The court below, although it had submitted the case to the jury under proper instructions, concluded that judgment should be for defendant for the reasons heretofore stated. But its error lies in not giving proper and deserved effect to the plaintiffs’ testimony.

That defendant owed plaintiff a duty to use a high degree of care for her safety cannot be doubted: Schaff v. Meltzer, 382 Pa. 43, 45, 114 A. 2d 167.

Nor can it be questioned that proof that the spot of grease was there for more than an hour was sufficient for the jury to find that defendant had or should have had knowledge of its existence. See Jerominski v. Fowler, Dick & Walker, 372 Pa. 291, 93 A. 2d 433; Branch, Admrx. v. Philadelphia Transportation Company, 374 Pa. 60, 98 A. 2d 860. The evidence submitted *188by defendant was not sufficient to overcome plaintiff’s very positive testimony, and the matter was plainly a question for the jury. Therefore, negligent conduct on the part of defendant was established. But the court held, and defendant here contends, that its negligence was not the proximate cause of the injuries.

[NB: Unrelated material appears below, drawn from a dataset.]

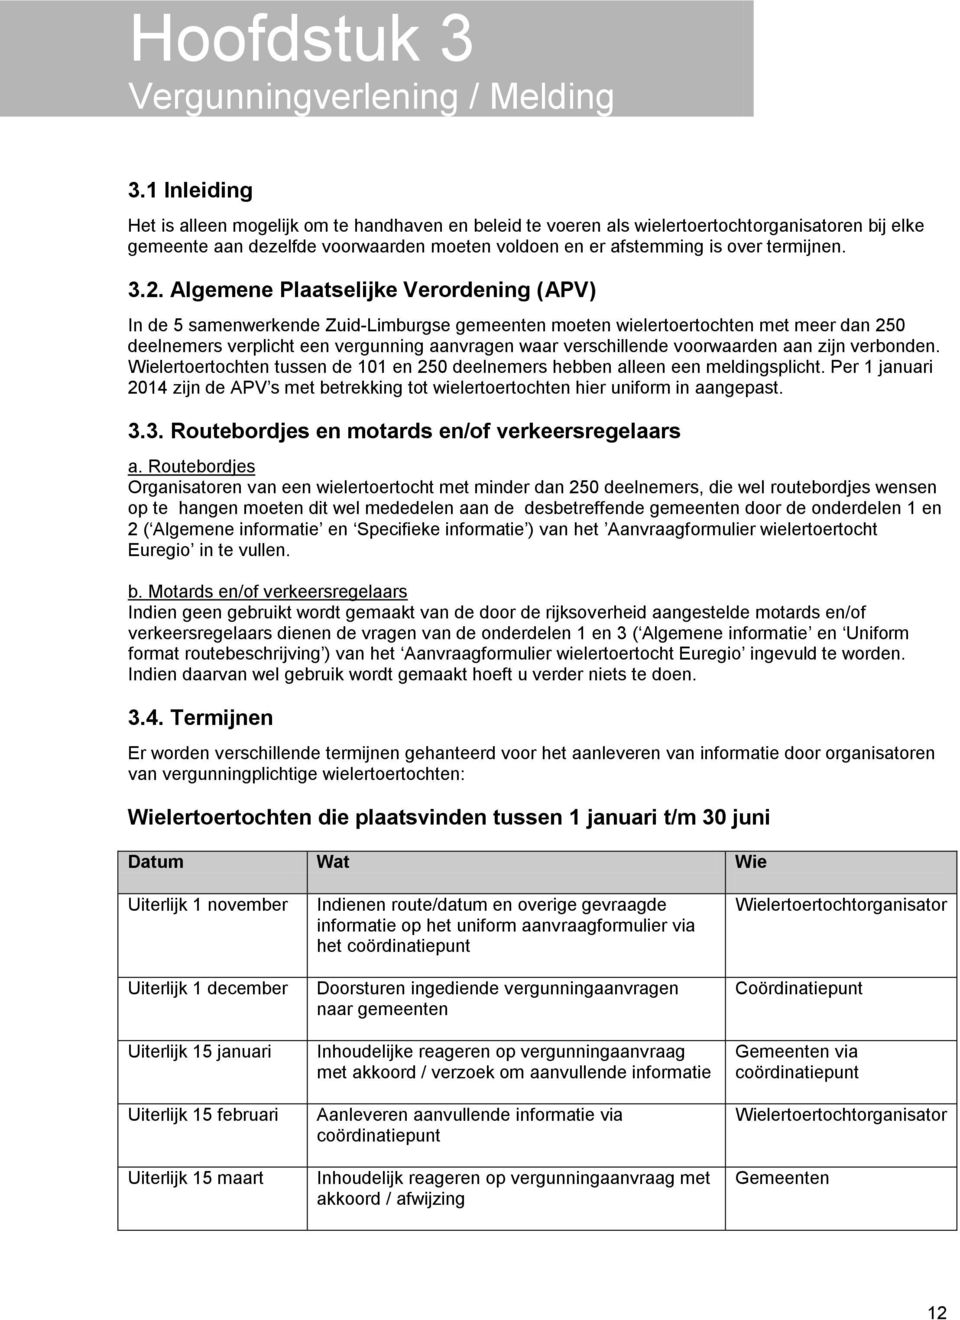 2. Algemene Plaatselijke Verordening (APV) In de 5 samenwerkende Zuid-Limburgse gemeenten moeten wielertoertochten met meer dan 250 deelnemers verplicht een vergunning aanvragen waar verschillende

Viewed in a light most favorable to plaintiffs, the jury was justified in its finding that but for the greasy substance the wife-plaintiff would not have fallen and would not have been injured. It was only when her left foot contacted the oily substance that she fully lost her balance and fell. We have held that “ ‘If the original act [grease] was wrongful, and would naturally, according to the ordinary course of events, prove injurious to some other person or persons, and does actually result in injury through the intervention of other causes [banana peel] which are not wrongful [as to defendant], the injury shall be referred to the wrongful cause, passing by those which were innocent’ ”: Mars v. Meadville Telephone Company, 344 Pa. 29, 31, 23 A. 2d 856.

Nor does it affect plaintiffs’ right to recovery that the defendant could not have foreseen the manner in which the accident occurred, for, as we hold, the negligent conduct was a substantial factor in causing the fall and resulting injuries: Restatement, Torts, §435 (1); Vereb, Admr. v. Markowitz, 379 Pa. 344, 349, 108 A. 2d 774.

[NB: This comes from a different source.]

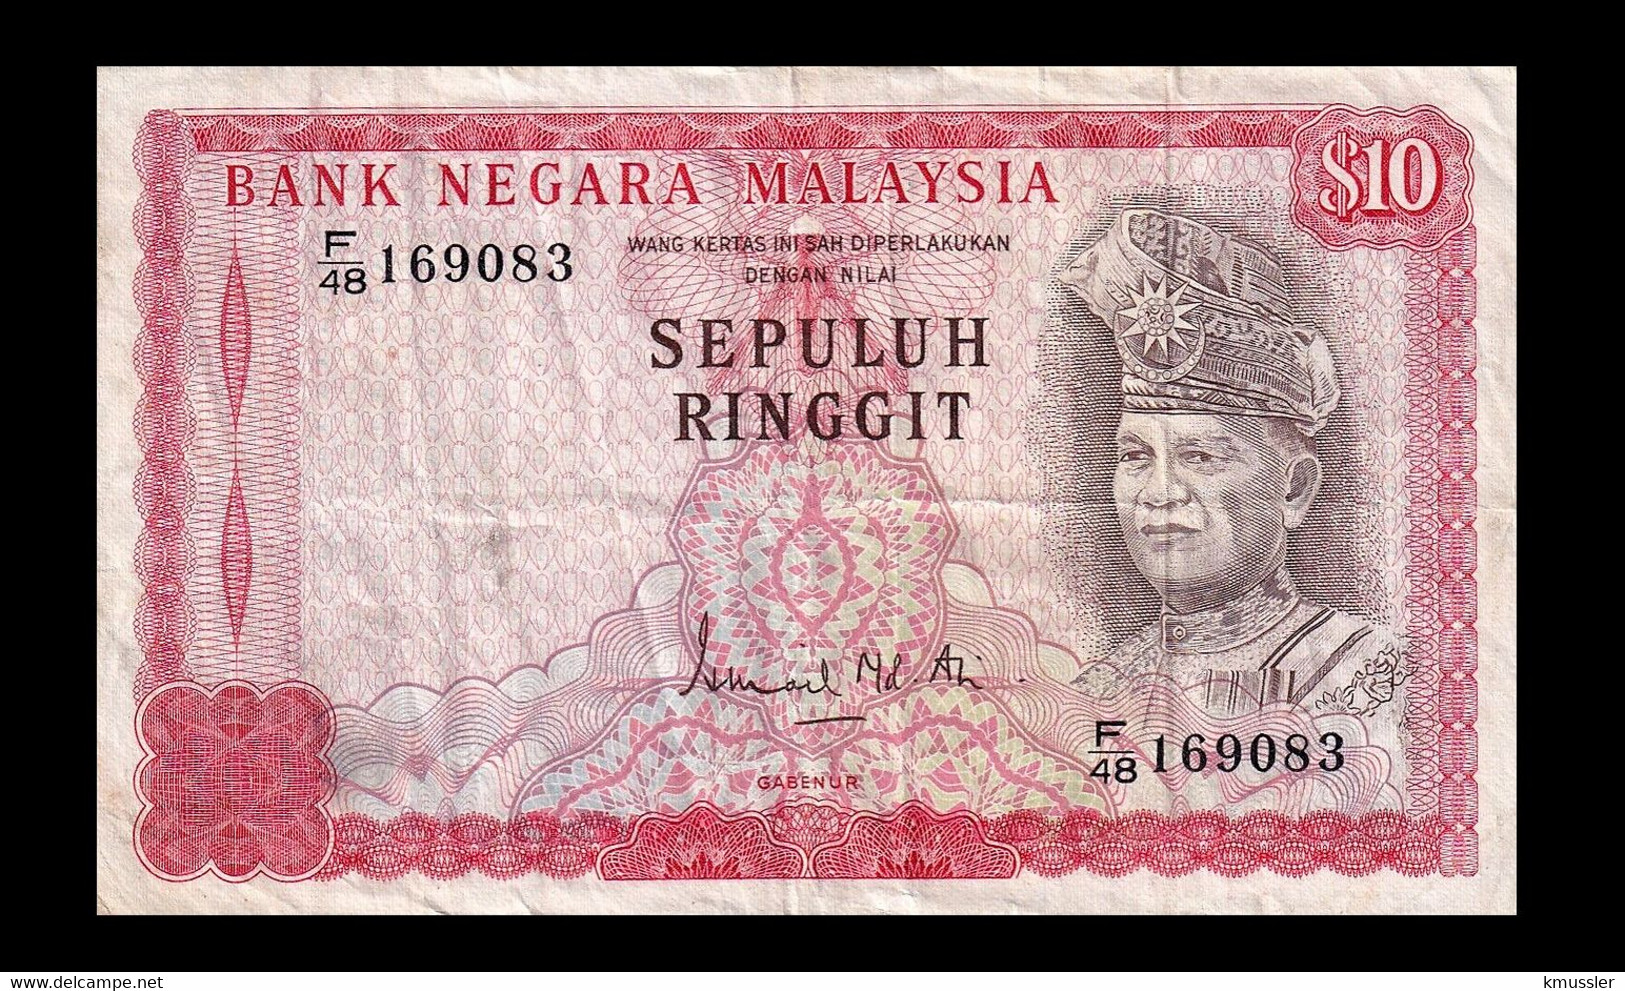 # # # Banknote Malaysien (Malaysia) 10 Ringgit # # # - Malaysia

The court below erred also in finding the wife-plaintiff guilty of contributory negligence. She acted as any reasonable person would under the circumstances. Knowing of the existence of the grease, she naturally fixed her attention upon it to avoid contact with it and possible injury, thus failing to see the banana peel. As of the time she slipped, the exact position of the *189banana peel with reference to the grease was not established. Nor was it shown that it should have been seen by the wife-plaintiff. This was a question for the jury only. Cf. Johnson v. Rulon, 363 Pa. 585, 70 A. 2d 325.

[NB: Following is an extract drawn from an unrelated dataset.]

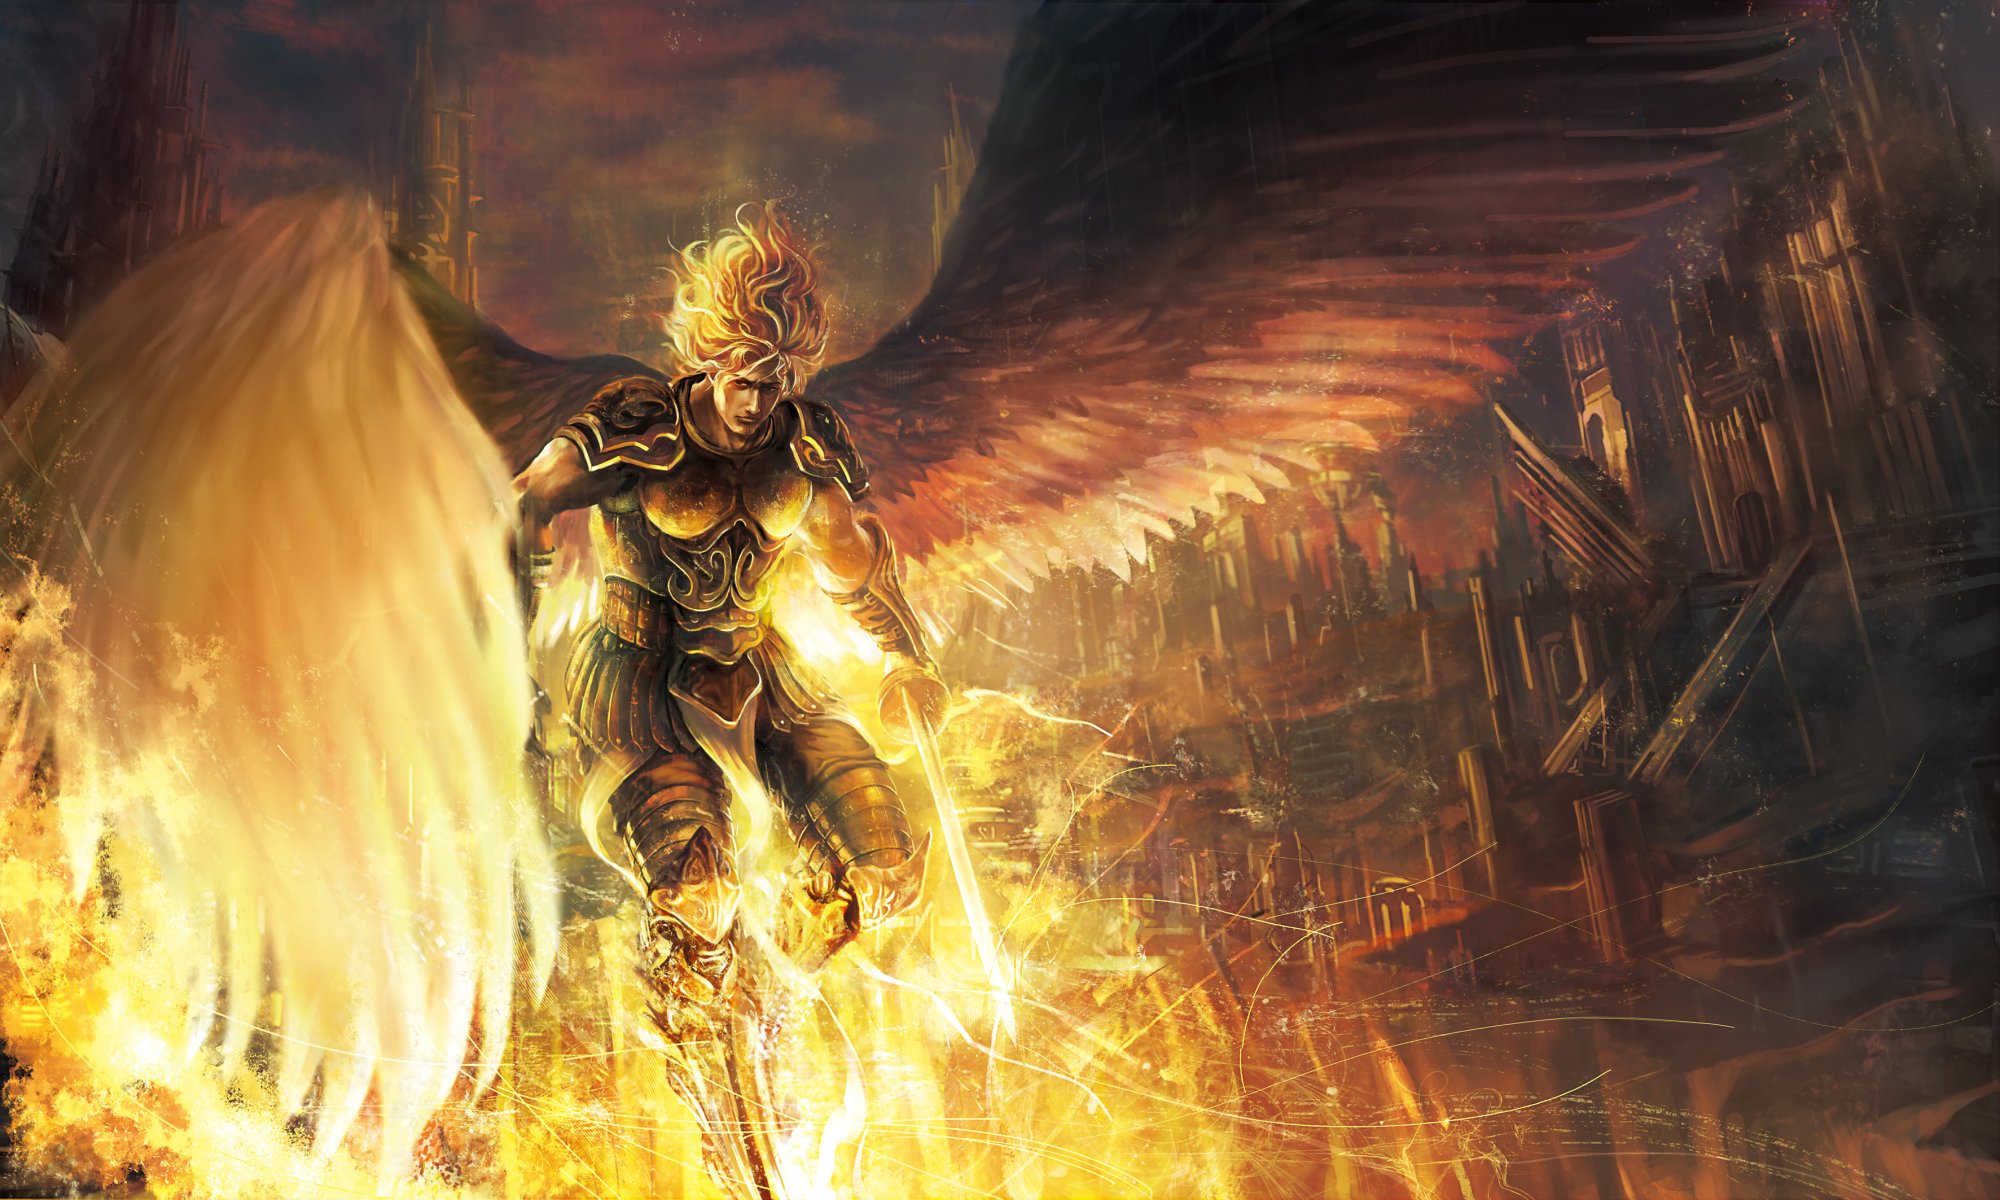 Арт ангел с огненными крыльями над городом Обои на рабочий стол.

Nor can it be held as a matter of law that because she knew the grease was there she was contributorily negligent. There was no proof that she could have descended by any other means. She could not be required to remain on the second floor indefinitely, and under the circumstances had reason to believe that she could leave in safety despite the knowledge that the grease was present on the floor. Cf. Holbert v. Philadelphia, 221 Pa. 266, 70 A. 746; Lakata v. DiSandro, 175 Pa. Superior Ct. 377, 104 A. 2d 502.

Defendant asks that if plaintiffs’ appeal is sustained, a new trial be granted since its motion therefor was not argued, nor was it considered by the court below. But the reason advanced is based on the contention that plaintiffs should not be believed because of conflicting testimony. Defendant did not appeal from the refusal of a new trial; but in any event the conflict in testimony and the believability of plaintiffs’ testimony were for the jury.

Judgment reversed, and here entered for plaintiffs!